**HOW TO COMPLETE THIS TASK:**
Could you reproduce the lines below from the one with "Sabrina Carpenter - Confidence" through the one with "Executing a neural"? Keep both ends and add nothing.
Start of DATA FOR THIS TASK
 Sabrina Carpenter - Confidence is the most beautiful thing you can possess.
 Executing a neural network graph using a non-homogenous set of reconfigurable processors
End of DATA FOR THIS TASK
Start of DATA FOR THIS TASK
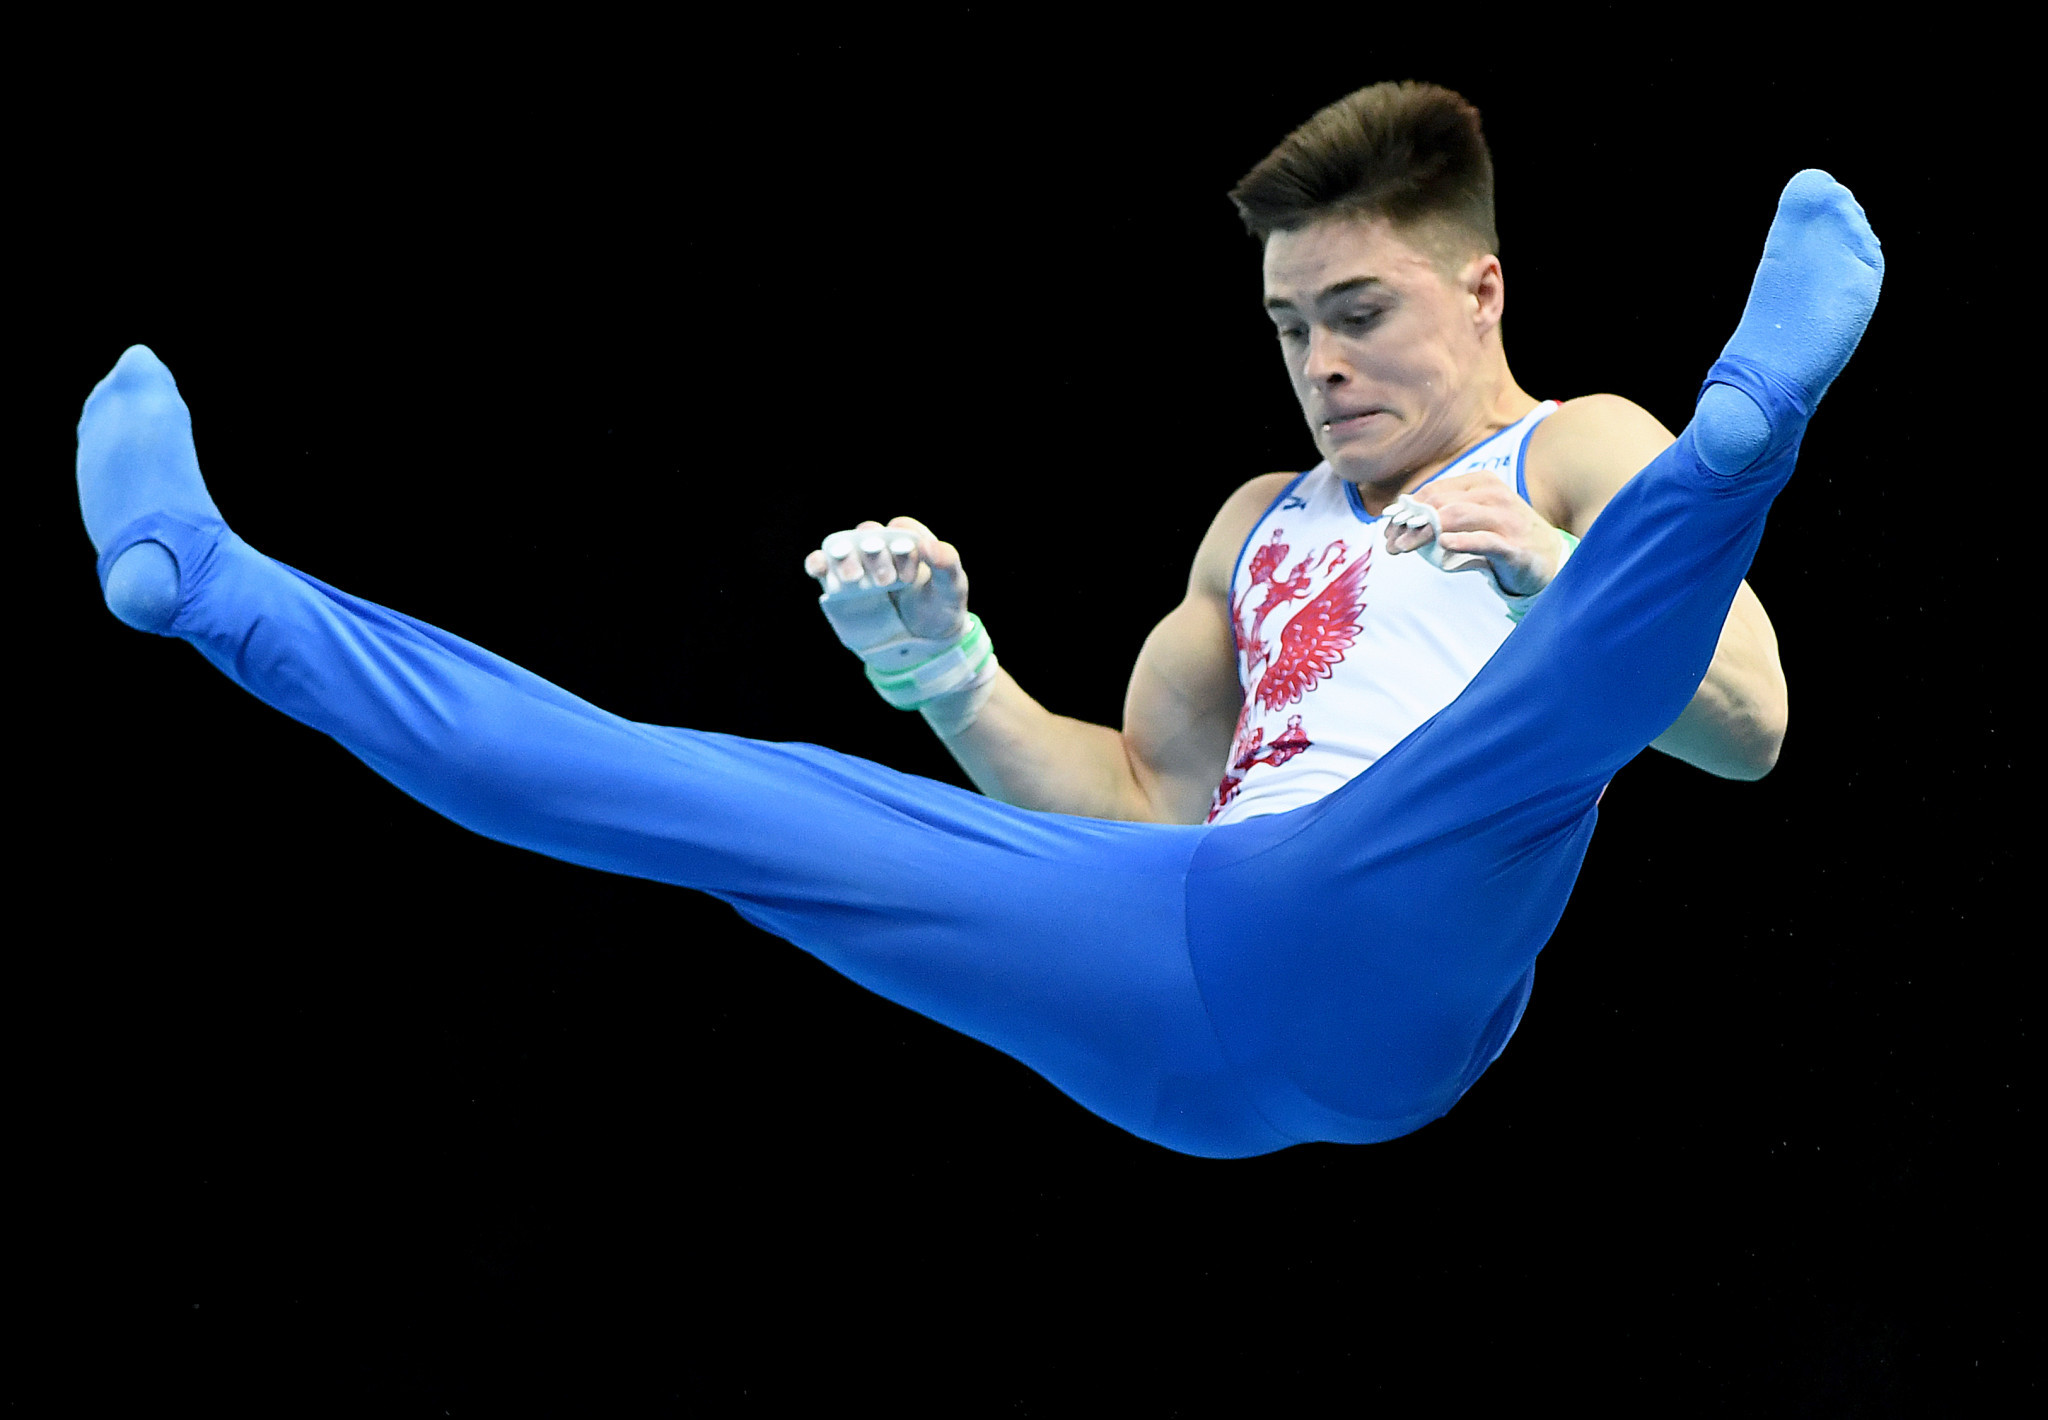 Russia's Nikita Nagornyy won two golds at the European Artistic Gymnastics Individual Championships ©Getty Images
End of DATA FOR THIS TASK
**WRITTEN REPLY:**
 Sabrina Carpenter - Confidence is the most beautiful thing you can possess.
 Executing a neural network graph using a non-homogenous set of reconfigurable processors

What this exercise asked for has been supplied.